It will also get you blasted if you’re not careful (but at least no one will notice that you have no idea what fork to use). Prepare yourself for a straight-up glass of pure, usually barely diluted gin (yup, make it gin) and try to sip it in a dignified manner. Pinkies out.

6. Take a crash course in the humanities (or just listen to NPR for the week leading up to your dinner).

You’ll sound intelligent, your boss will be impressed and everyone will seem like they should be speaking with a British accent. However, try to keep the conversation in the realm of the 3 Tenors even though your knowledge may be more in a Sanjaya vein.

7. Fork You: If you’re having problems identifying the correct silverware, pull the klutz move and “spill” your drink on your side of the table.

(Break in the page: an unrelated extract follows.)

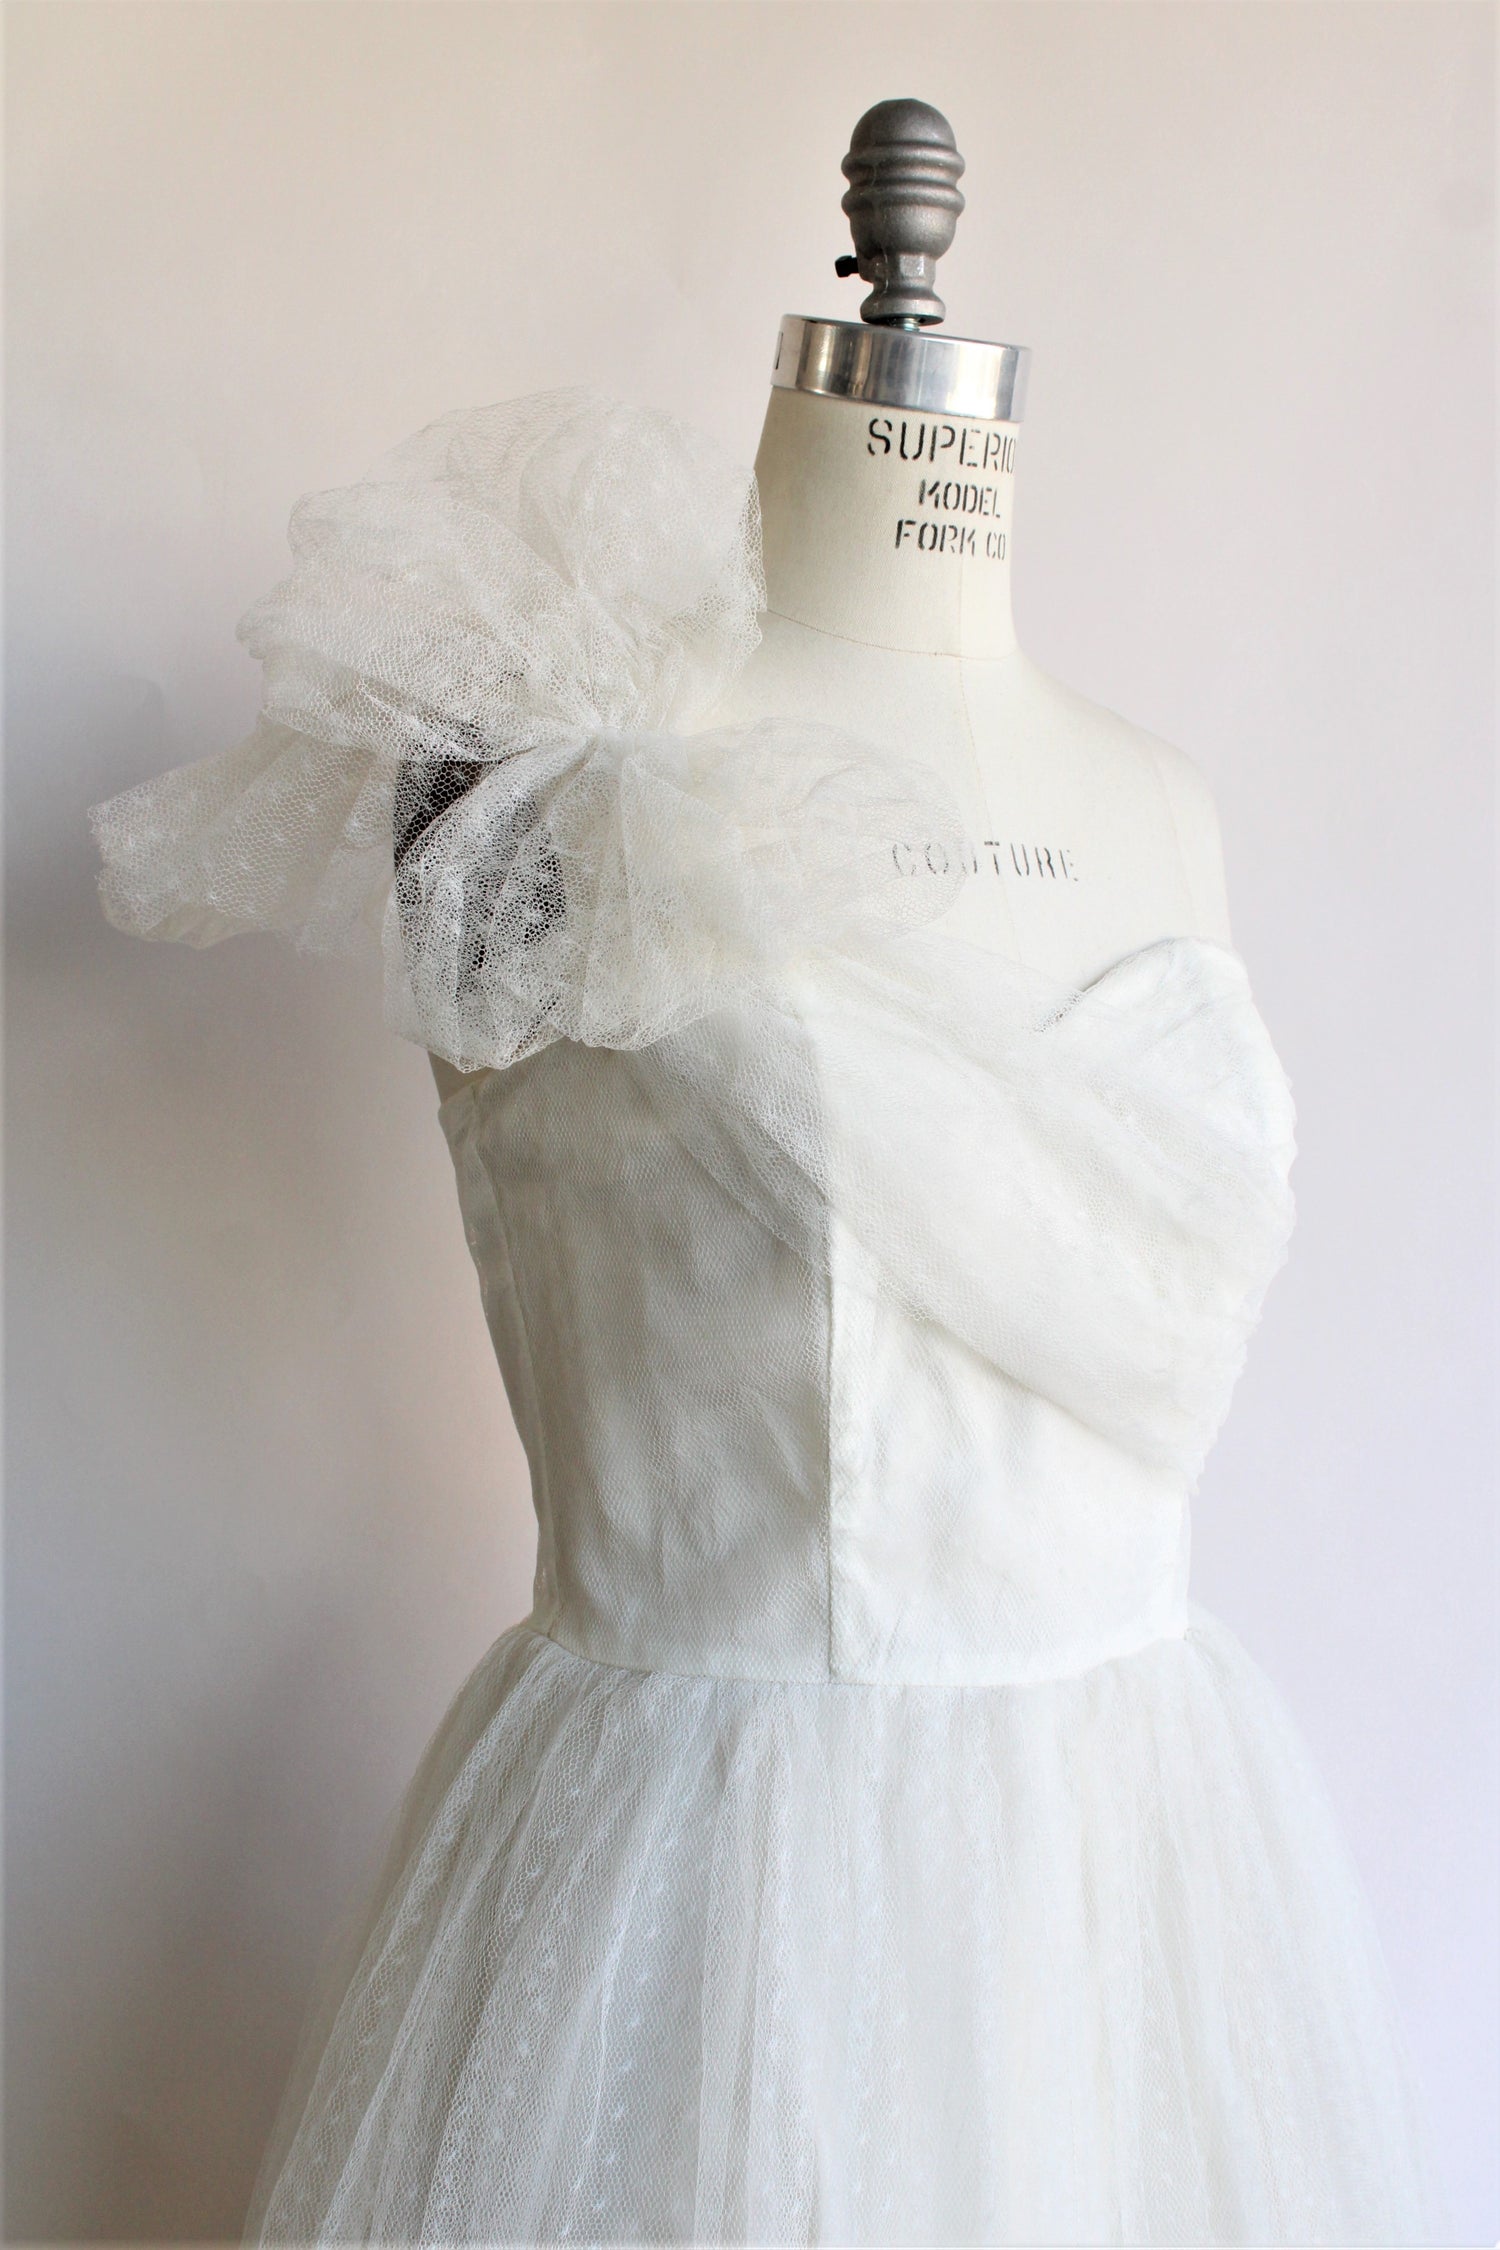 Vintage 1950s White Tulle Prom or Formal Dress

This is ONLY to be used in emergency situations. Now, hope and pray your waiter will replace only the silverware you’ll need for the next entrée. This, ideally, takes the guess work out of the age old, “what fork do I use?” question, but you run the risk of looking like a complete ass. Worst case scenario, you look like an ass, they replace ALL the silverware and you spill red wine on Mrs. Boss’s white fur coat. Complete fail. As stated above, emergent situations only.

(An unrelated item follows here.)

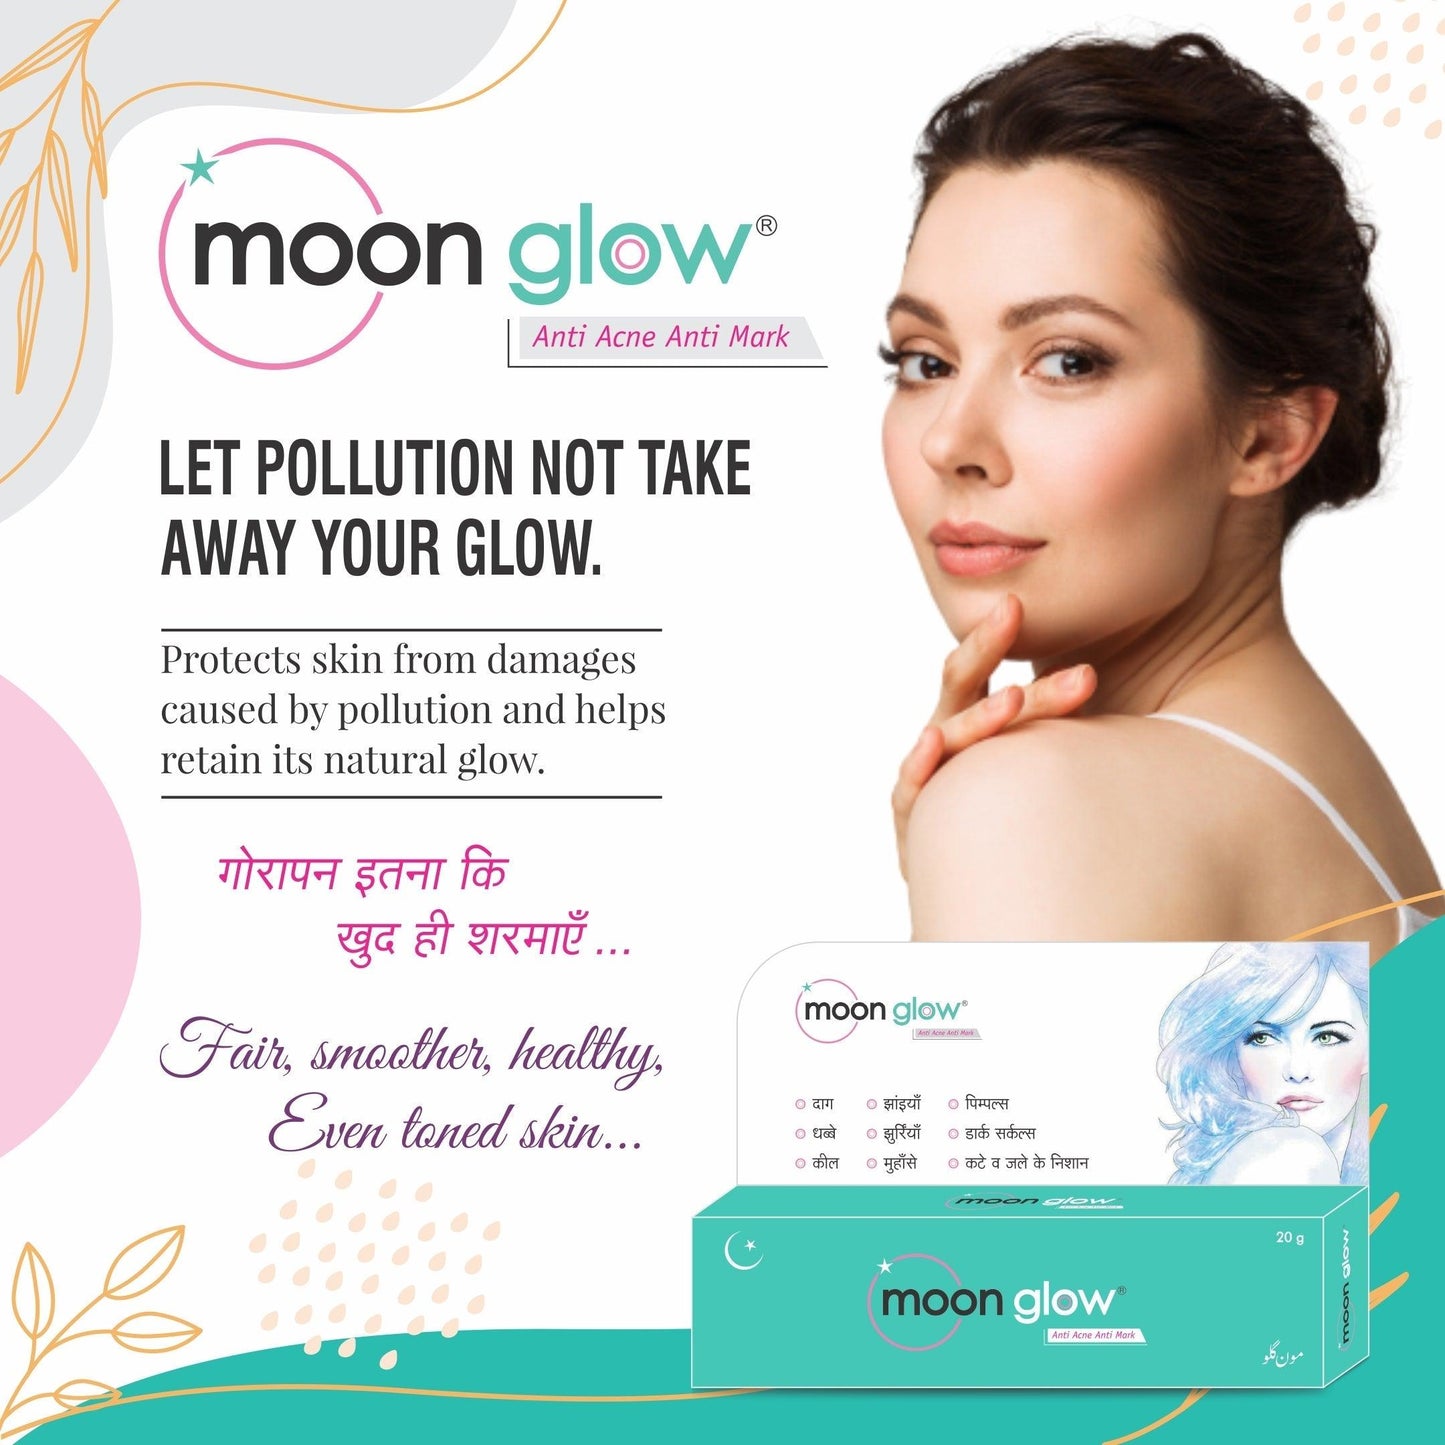 Moon Glow Cream & Pearl Face Wash for Acne, Pimples, Black Spots, Dark Circles, Stretch Marks, Anti-Aging and Fairness (1 cream + 1 facewash + 1 soap) - Olefia Biopharma Limited

8. If you bomb, get bombed.

If it’s possible, drink lots of wine and keep your mouth shut (this advice courtesy of our Twitter friend @texantiff). Let someone else order the wine, reference #2 on this list and try to keep from babbling on about your dog’s bowel habits (or any bowel habits for that matter). If anything makes you look like a 5-star rookie, you’ll be too distracted by your hangover the next morning to be embarrassed.